King Alice (Matthew Cordell)

Hello, friends! Our book today is King Alice by Matthew Cordell, a delightfully silly slice of life for one very creative little girl and her family.

Snowed in yet again, Alice’s daddy wakes up to his rambunctious young daughter who has declared herself King Alice (“You mean… Queen?” “No! KING!”). After suggesting a few less-than-ideal activities to her beleaguered father, she decides that the two will write a book. With Alice composing the story and daddy drawing the illustrations, the events of the book mirror their own day: eating breakfast, having a tea party, a unicorn stampede (inspired by a quick television break), bathtime, etc. Alice’s mommy and baby sibling are featured characters, as are her cat and favorite toys. And after a day of adventure (and one time-out after a bout of naughtiness), the book of King Alice is complete, leaving Alice excited for all the fun they’ll have tomorrow (and exhausted dad hoping that the snow clears up overnight).

A hilariously realistic look at the mind of a child, with a fun wink-and-nudge message to their parents. Alice and her family’s day, from the declaration of her title to the sense of relief at bedtime, felt so accurate from start to finish that I couldn’t help but chuckle. But Cordell does a good job of balancing her father’s reactions to Alice’s antics – from bemused to harrowed to accidentally injured – with the charm and humor of that age. It makes the story all the more identifiable for adult readers and engaging and entertaining for young bookworms. The frenetic, scribbly-scratchy art fits the tone perfectly, and there are some great details to be found on each page (did I spy a framed picture of the TARDIS?). The length was perfect, and we had a hoot reading it. A great book to enjoy together, and it’s Baby Bookworm approved!

Wolf In The Snow (Matthew Cordell)

Hello, friends! Our book today is the winner of the 2018 Caldecott Medal, Wolf In The Snow by Matthew Cordell, a story in pictures about courage and a kindness repaid.

Told almost entirely without text, the story begins with a little girl in a bright red coat setting off to school one day, just as a pack of wolves and their cub begin a journey of their own. Later, as the girl starts back towards home and the wolf pack continues on, a snow begins to fall, quickly blanketing in the landscape in white and obscuring visibility for the travelers. The wolf cub becomes separated, and soon both it and the little girl find themselves lost – then they find each other. Seeing the cub struggling to move through the deep snow, and hearing it’s family howling for it the distance, the girl picks the cub up and sets out towards the wolf calls. Braving obstacles, animals, and her own fear, the girl returns the cub and sets back towards her own home, but finds she is now too exhausted and cold to continue on, and collapses. Seeing this, the pack surrounds her, protecting her from the elements and using their howls to direct the girl’s searching family to her rescue.

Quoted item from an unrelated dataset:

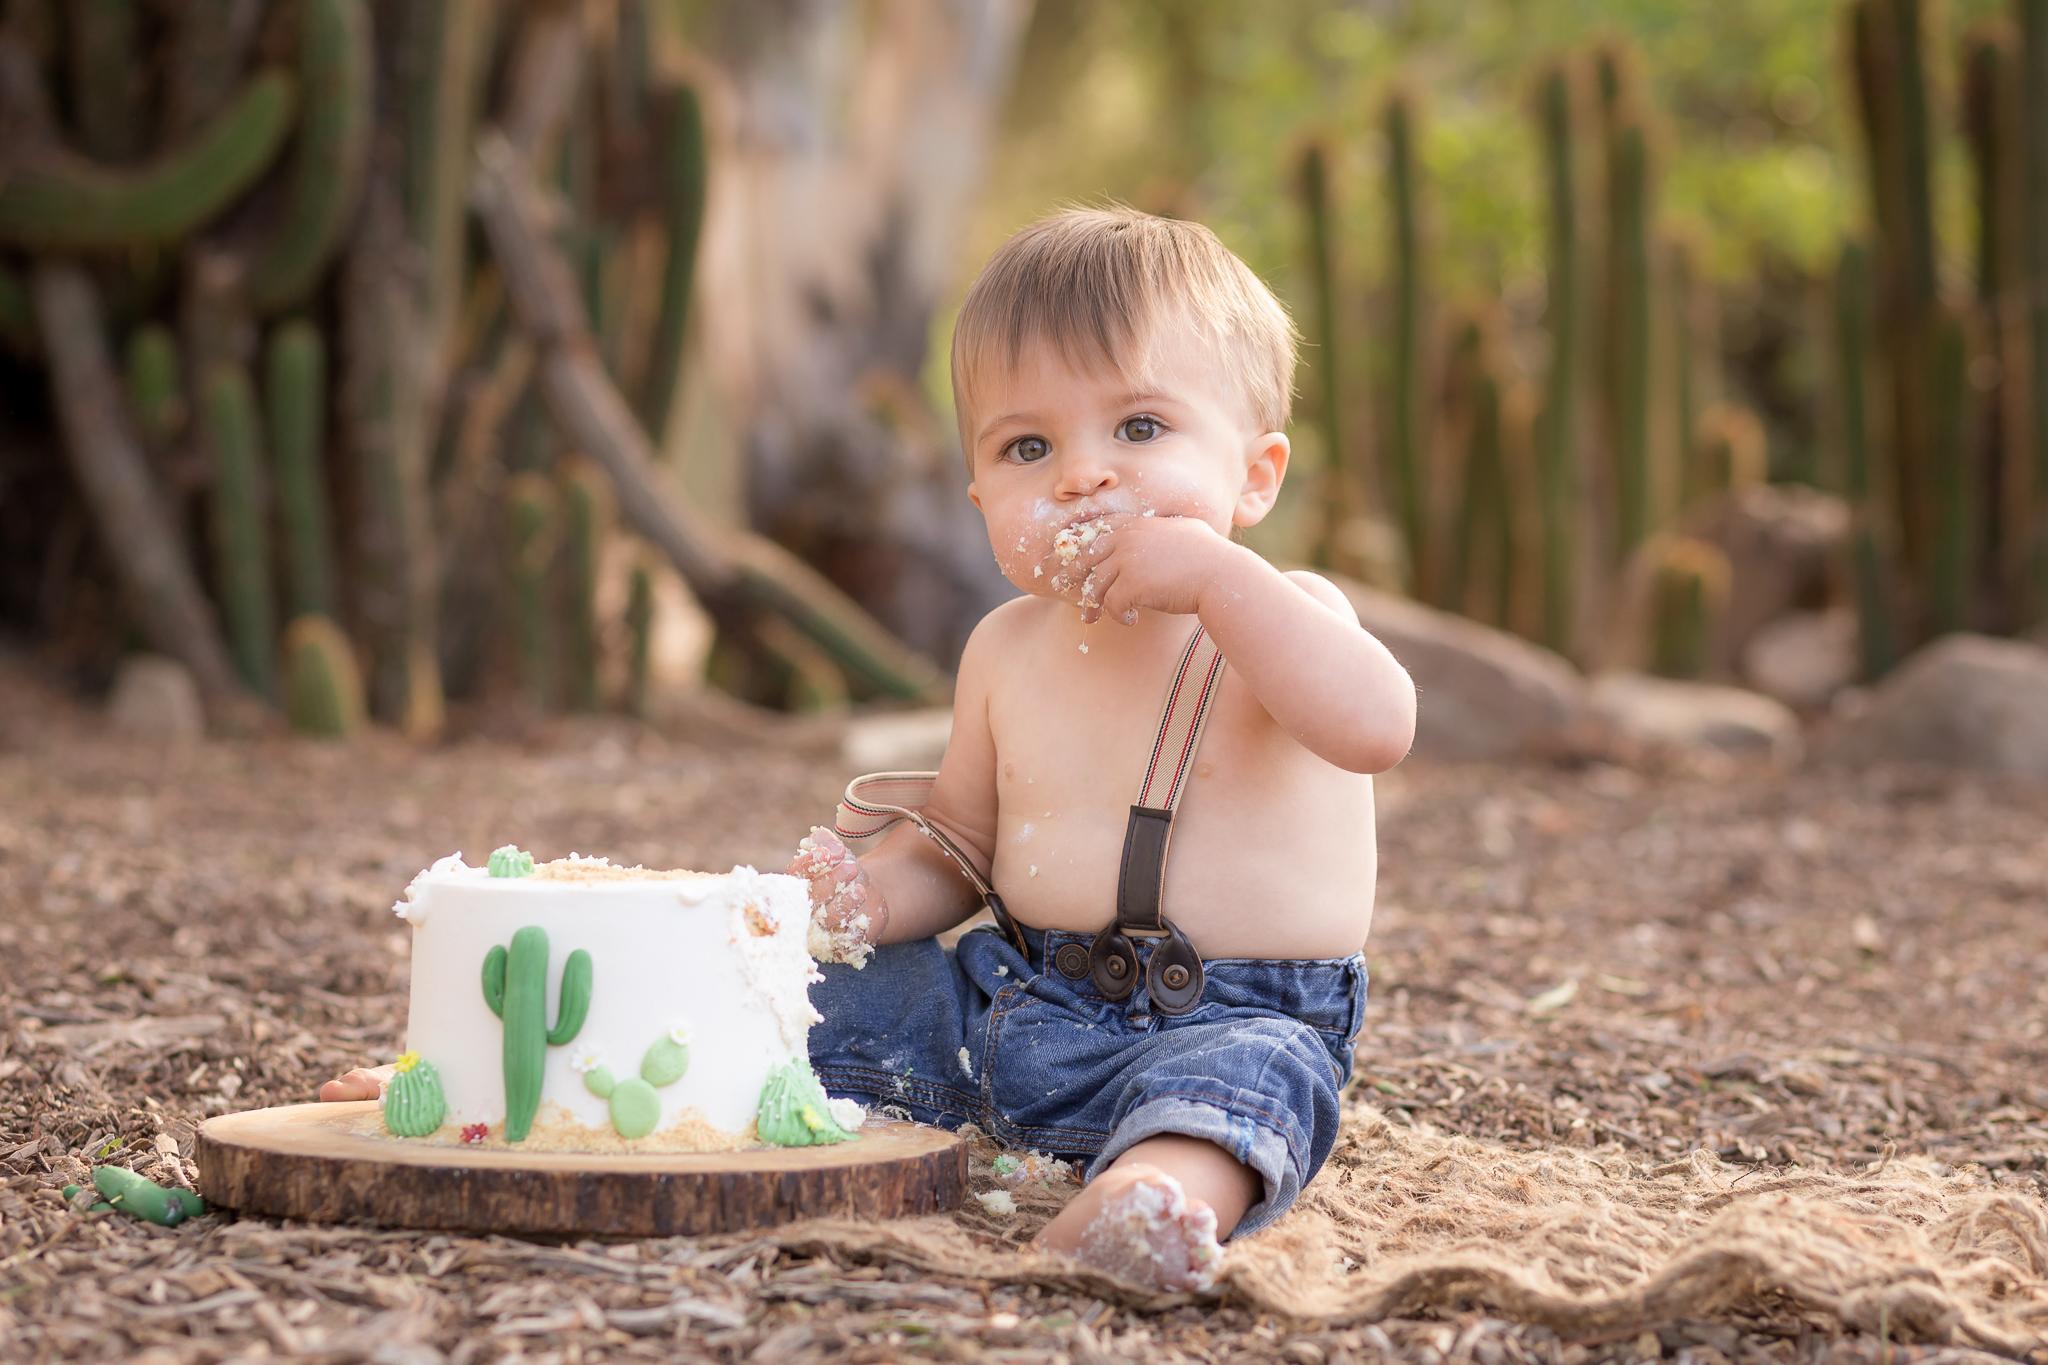 Cactus Cowboy Southwestern Cake Smash- Oh My Goddard Photography - San Diego Oceanside Cake Smash Photographer-23.jpg

Really sweet. It does take a special pictures-only book to hold JJ’s attention (she typically prefers a verbal narrative), but she was enthralled with the story. This is absolutely due to the art, which conveys all the emotion, tension, and characterization needed to portray a moving tale of why it’s important to do the right thing, even if it’s hard or scary. The length is what you make it, depending on how you explore the book with your little ones, and we both enjoyed the strong theme and visuals. A lovely lesson in kindness and selflessness, and it’s Baby Bookworm approved!